L’Europe a du mal à suivre le rythme d’un secteur en plein essor. Alors que les ventes d’armes explosent à l’échelle mondiale, les entreprises européennes, freinées par des processus de production complexes et des contrats anciens, tardent à s’adapter aux nouvelles demandes du marché.
L’industrie de l’armement en constante évolution
Les 100 plus grandes entreprises d’armement ont généré des revenus cumulés de 632 milliards de dollars en 2023selon le dernier rapport de l’Institut international de recherche sur la paix de Stockholm (Sipri). Une hausse de 4,2% par rapport à 2022, marquée par une demande accrue dans un contexte de conflits en Ukraine et au Moyen-Orient. Si les Etats-Unis dominent encore largement ce secteur, la croissance la plus impressionnante revient à l’entreprise russe Rostec, avec une hausse de 49,3% en un an.
Le rapport Sipri met en évidence une augmentation généralisée des revenus dans toutes les régions du globe. Cette croissance est particulièrement marquée en Russie et au Moyen-Orient, où les fabricants d’armement ont su répondre rapidement à la demande.
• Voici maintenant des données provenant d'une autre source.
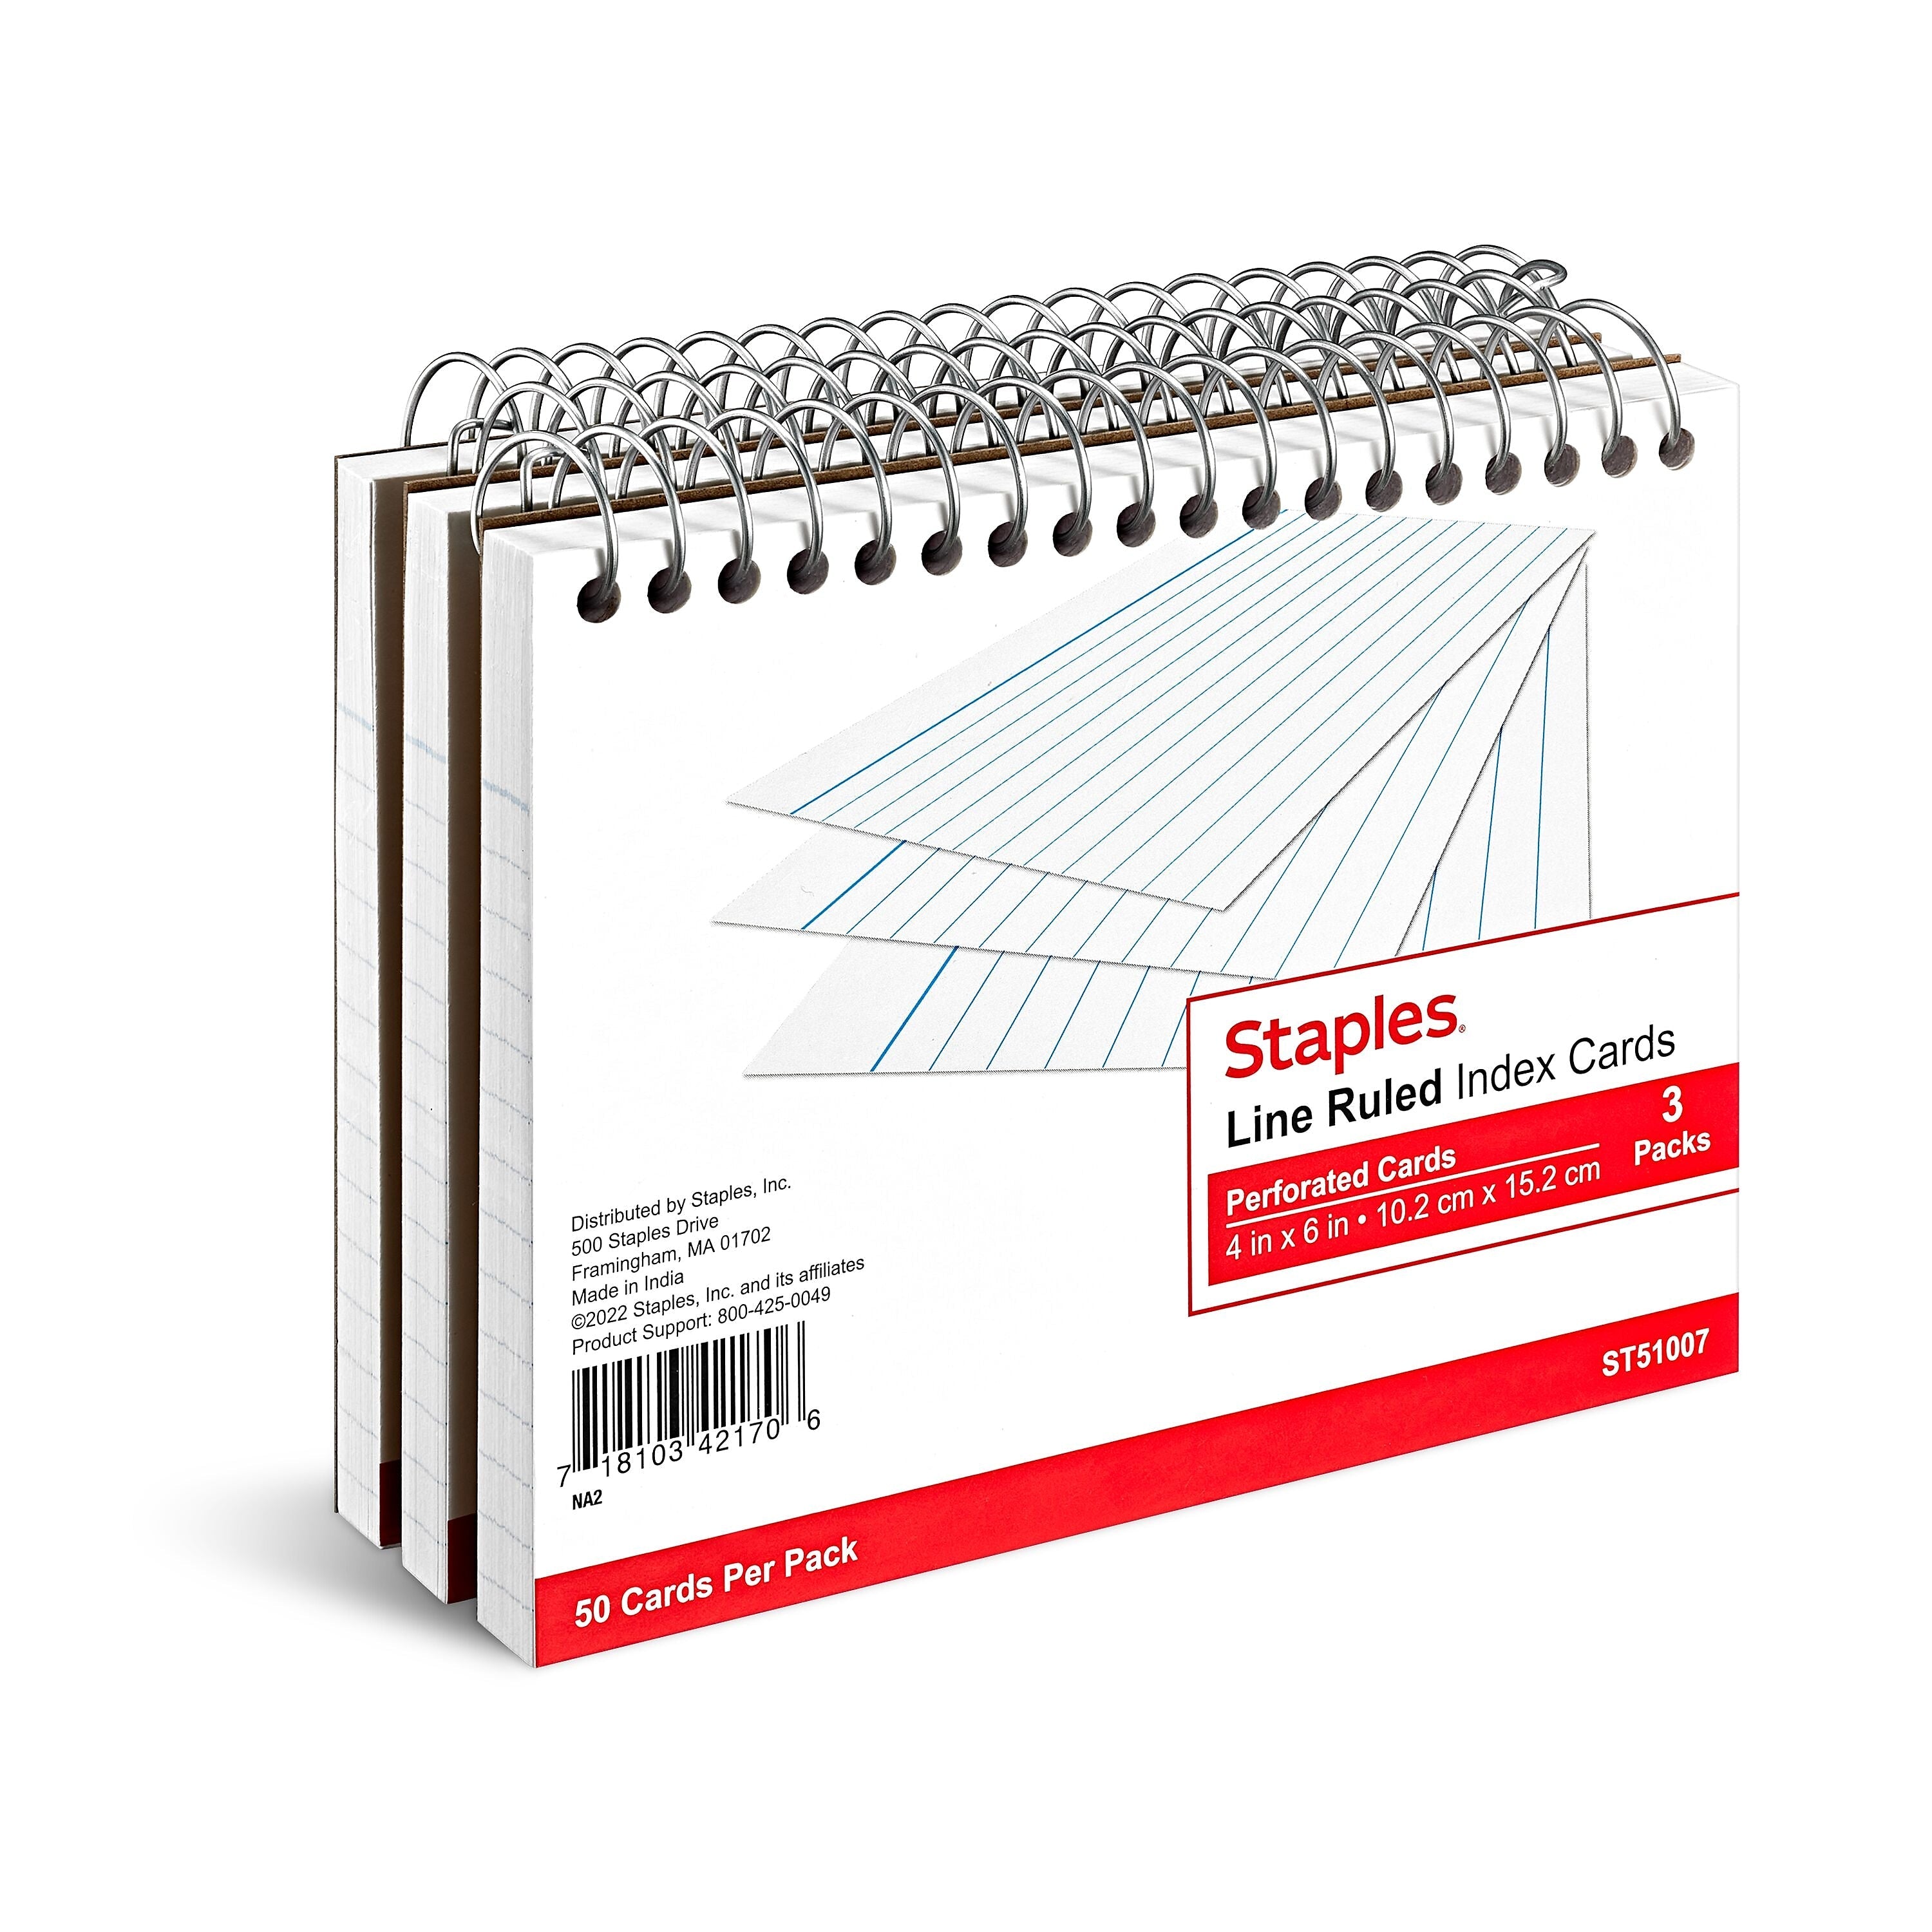 Staples™ 4" x 6" Index Cards, Lined, White, 50 Cards/Pack, 3 Pack/Carton

Lorenzo Scarazzato, chercheur à l’institut, explique que cette dynamique devrait se poursuivre en 2024, soutenue par des campagnes de recrutement et des stratégies de production adaptées.
Cependant, toutes les entreprises ne sont pas logées à la même enseigne. Aux États-Unis, des géants de l’industrie comme Lockheed Martin et RTX (anciennement Raytheon Technologies) ont enregistré des baisses respectives de 1,6 % et 1,3 %, en raison de la complexité des chaînes d’approvisionnement. Nan Tian, directeur du programme de dépenses militaires du Sipri, précise que ces difficultés ont principalement touché les secteurs de l’aéronautique et des missiles.
En Asie, les constructeurs sud-coréens et japonais obtiennent de bons résultats, avec des hausses de revenus combinées de 39 % et 35 % respectivement. Cette dynamique reflète un réarmement général en réponse aux tensions croissantes dans la région.
Un secteur façonné par les conflits
Contrairement à d’autres régions, l’Europe peine à s’adapter à une demande croissante. Les 27 plus grandes entreprises européennes (hors Russie) ont enregistré une hausse insignifiante de 0,2% de leur chiffre d’affaires, pour atteindre un total de 133 milliards de dollars en 2023. Cette faible hausse s’explique par de précédents contrats toujours en cours, ainsi que par des délais de production plus longs pour les systèmes d’armes complexes. .
Parmi ces entreprises européennes, cinq sont françaises : Thales, Naval Group, Safran, Dassault Aviation et le CEA. Leur présence dans le classement démontre un savoir-faire reconnu, mais leur capacité à réagir rapidement aux nouvelles commandes reste limitée.
Les tensions géopolitiques jouent un rôle central dans l’expansion de cette industrie. La guerre en Ukraine et le conflit à Gaza ont fortement stimulé les ventes d’armes dans les régions concernées. Au Moyen-Orient, les six entreprises du classement ont vu leurs revenus augmenter de 18 %, pour atteindre 19,6 milliards de dollars. En Israël, les trois plus grandes entreprises ont réalisé un chiffre record de 13,6 milliards de dollars, tandis que les fabricants turcs ont enregistré une croissance de 24 %, tirée par la hausse des exportations.